TASK REQUIREMENTS:
In the material below, pictures must be dropped. Repeat exactly, and only, the lines from the line with "I'M A Killer" to the line with "Dünya gezegeni hakkında", both ends included.
--- DATASET Enclosed Below ---
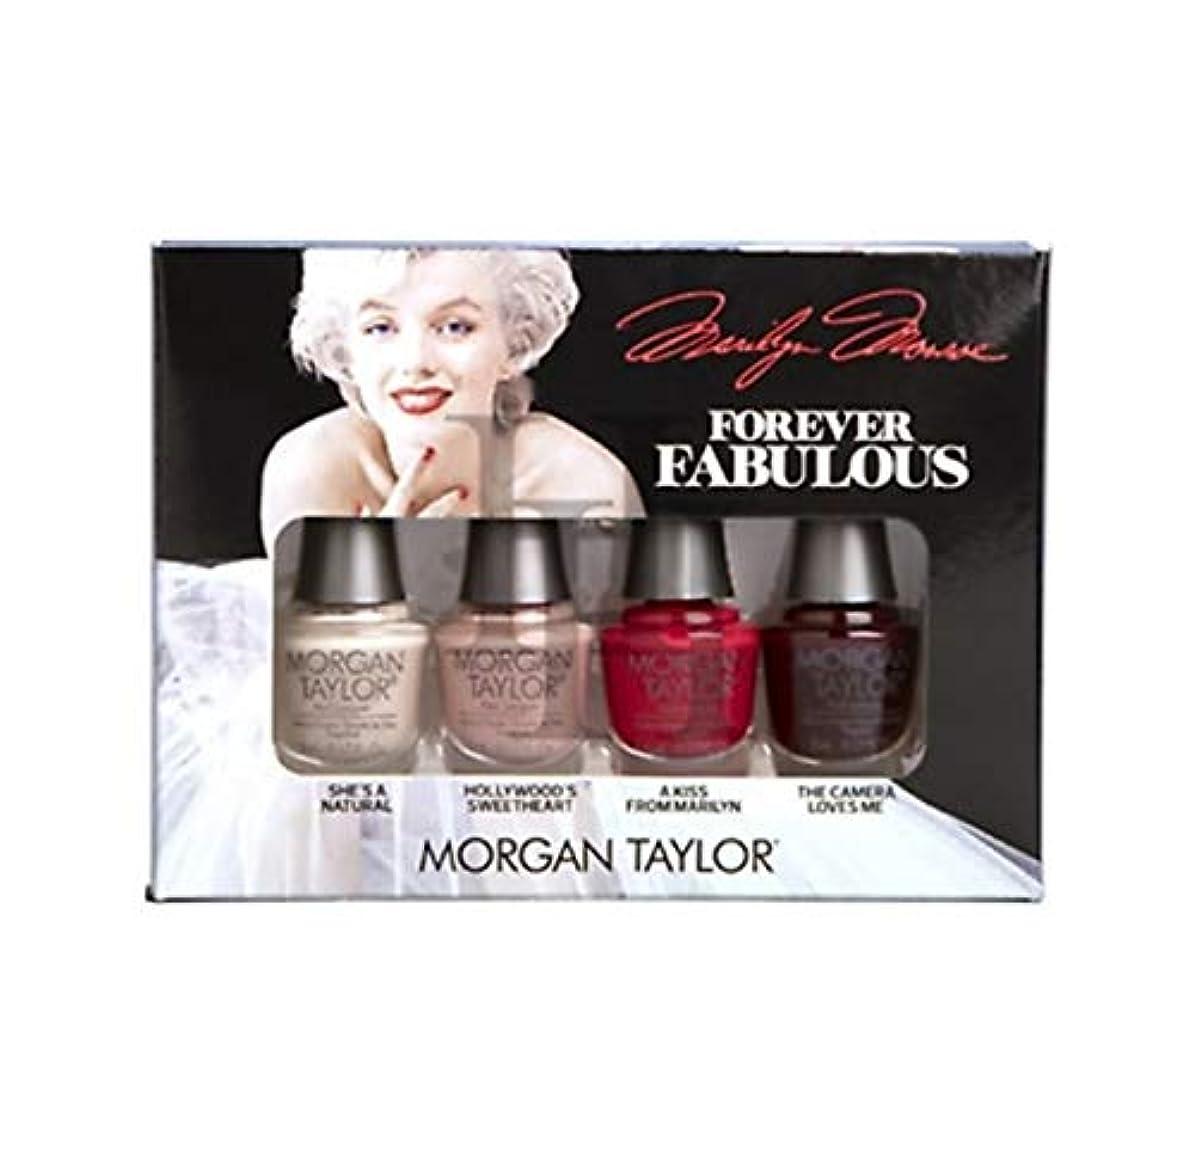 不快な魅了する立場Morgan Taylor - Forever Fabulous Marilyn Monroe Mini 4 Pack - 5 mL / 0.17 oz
--- End of Enclosed DATASET ---
--- DATASET Enclosed Below ---
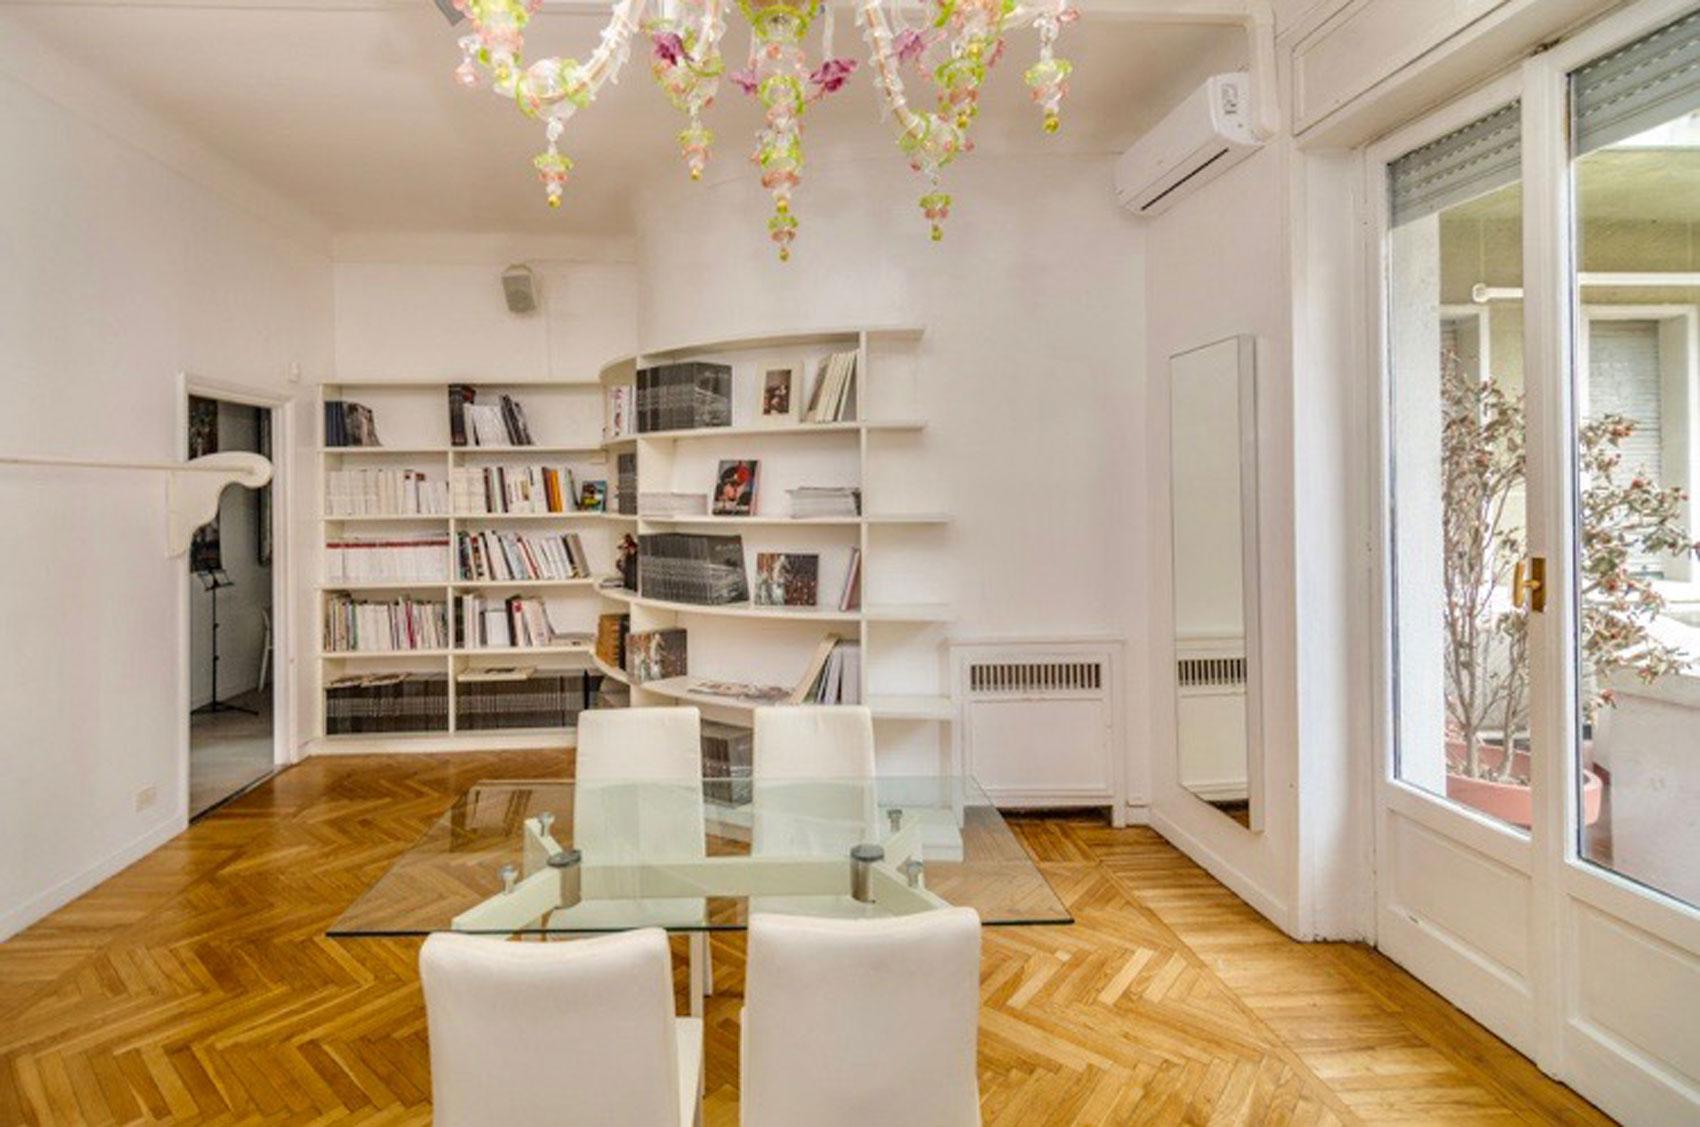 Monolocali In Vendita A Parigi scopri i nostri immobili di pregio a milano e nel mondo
--- End of Enclosed DATASET ---
--- DATASET Enclosed Below ---
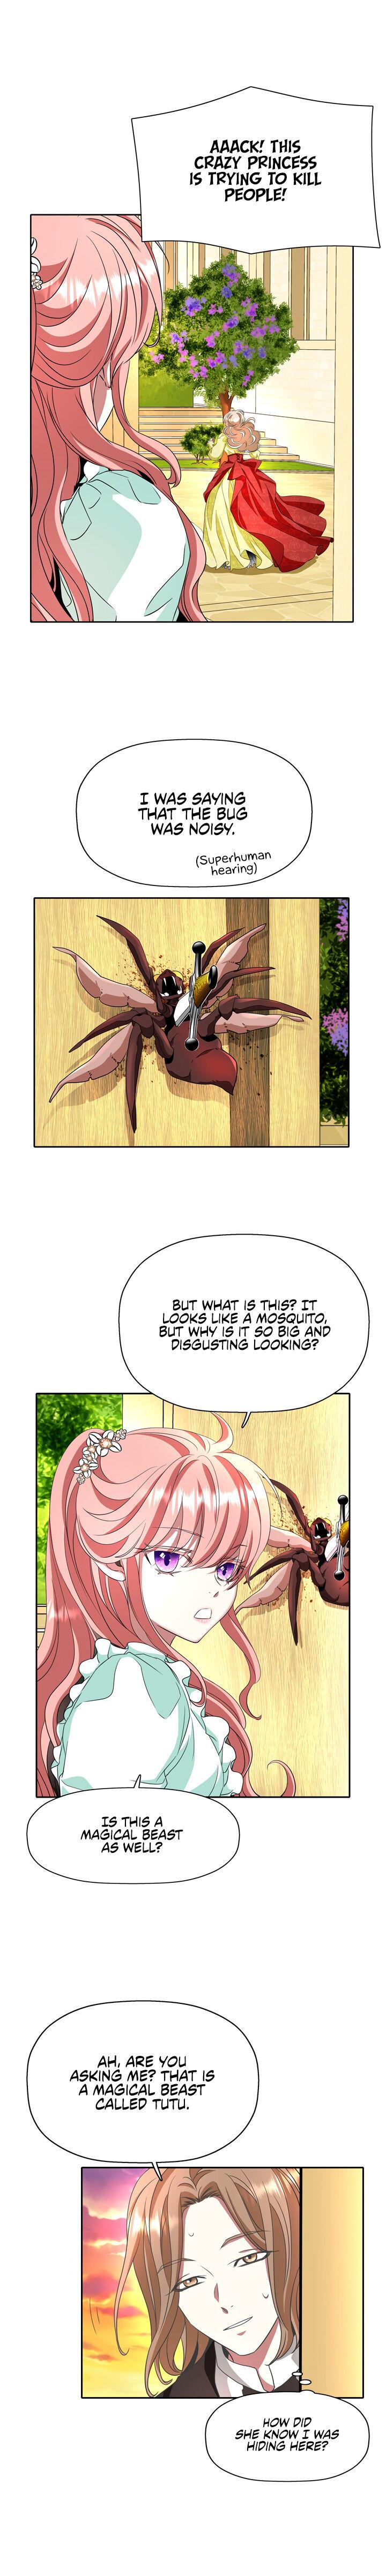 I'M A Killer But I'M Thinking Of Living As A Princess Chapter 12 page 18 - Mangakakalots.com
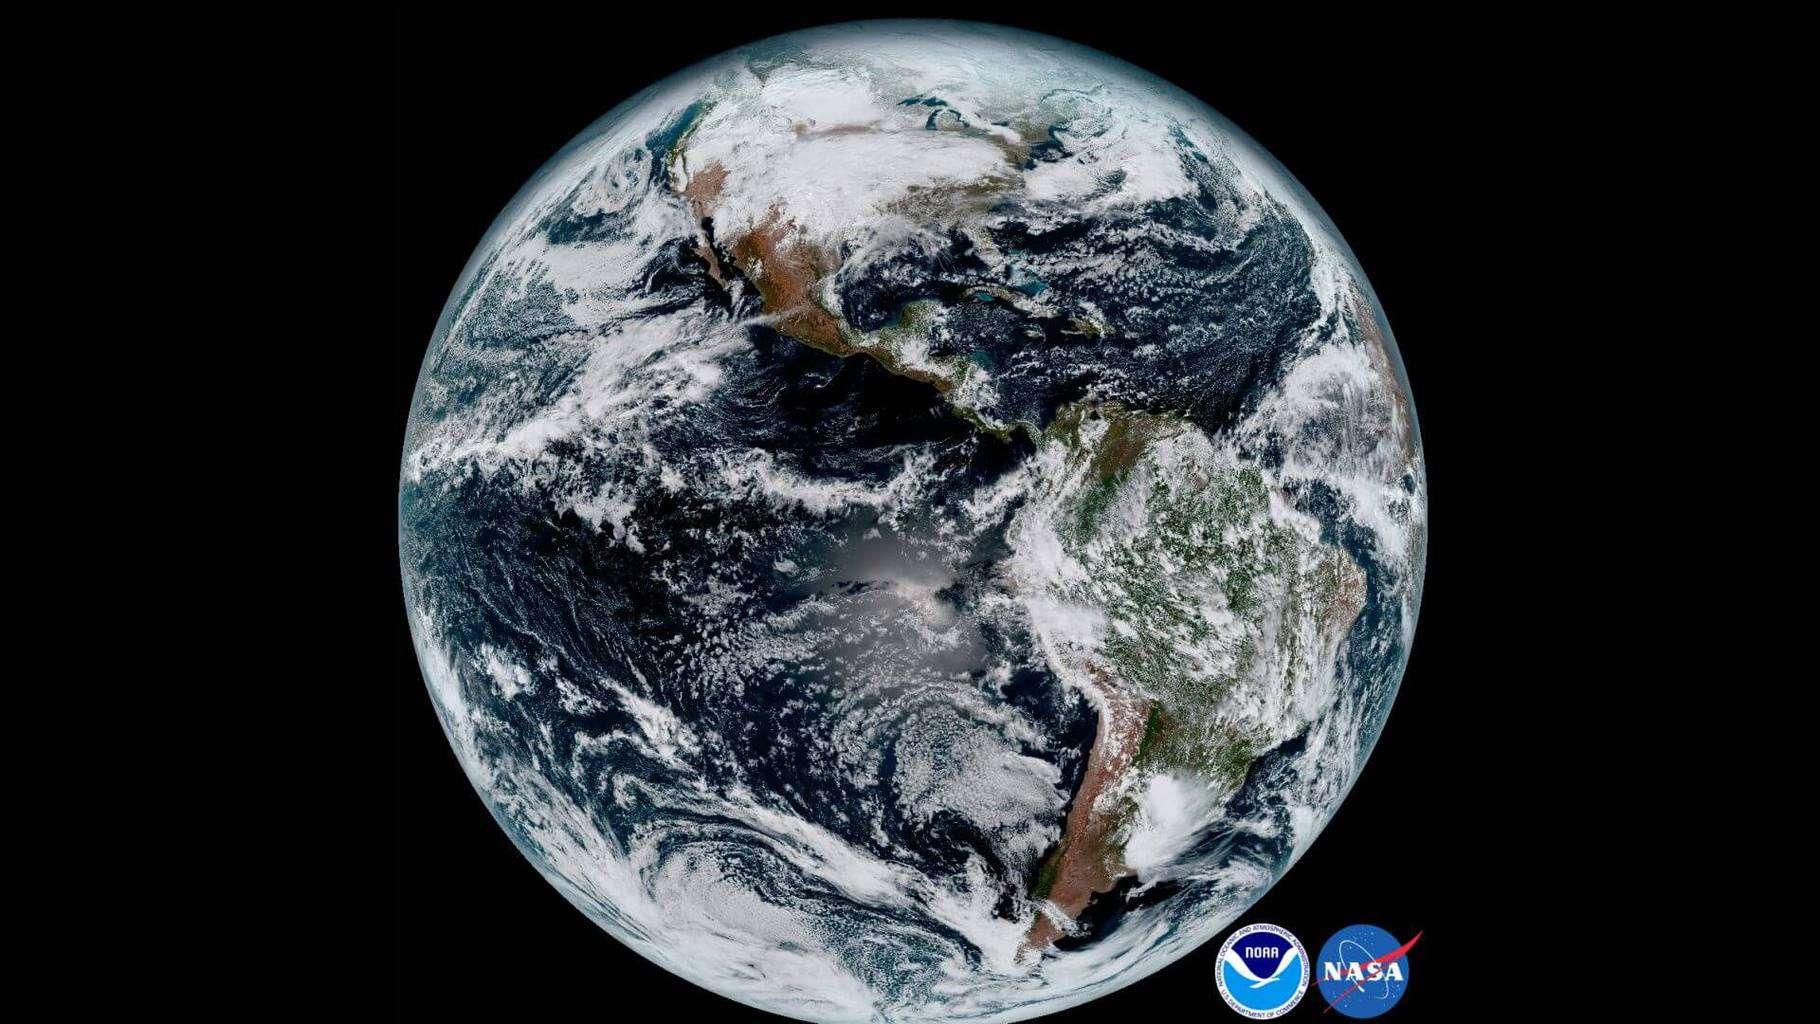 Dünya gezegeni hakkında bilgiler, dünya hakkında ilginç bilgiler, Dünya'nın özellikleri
--- End of Enclosed DATASET ---
SOLUTION FOR THIS EXERCISE:
 I'M A Killer But I'M Thinking Of Living As A Princess Chapter 12 page 18 - Mangakakalots.com
 Dünya gezegeni hakkında bilgiler, dünya hakkında ilginç bilgiler, Dünya'nın özellikleri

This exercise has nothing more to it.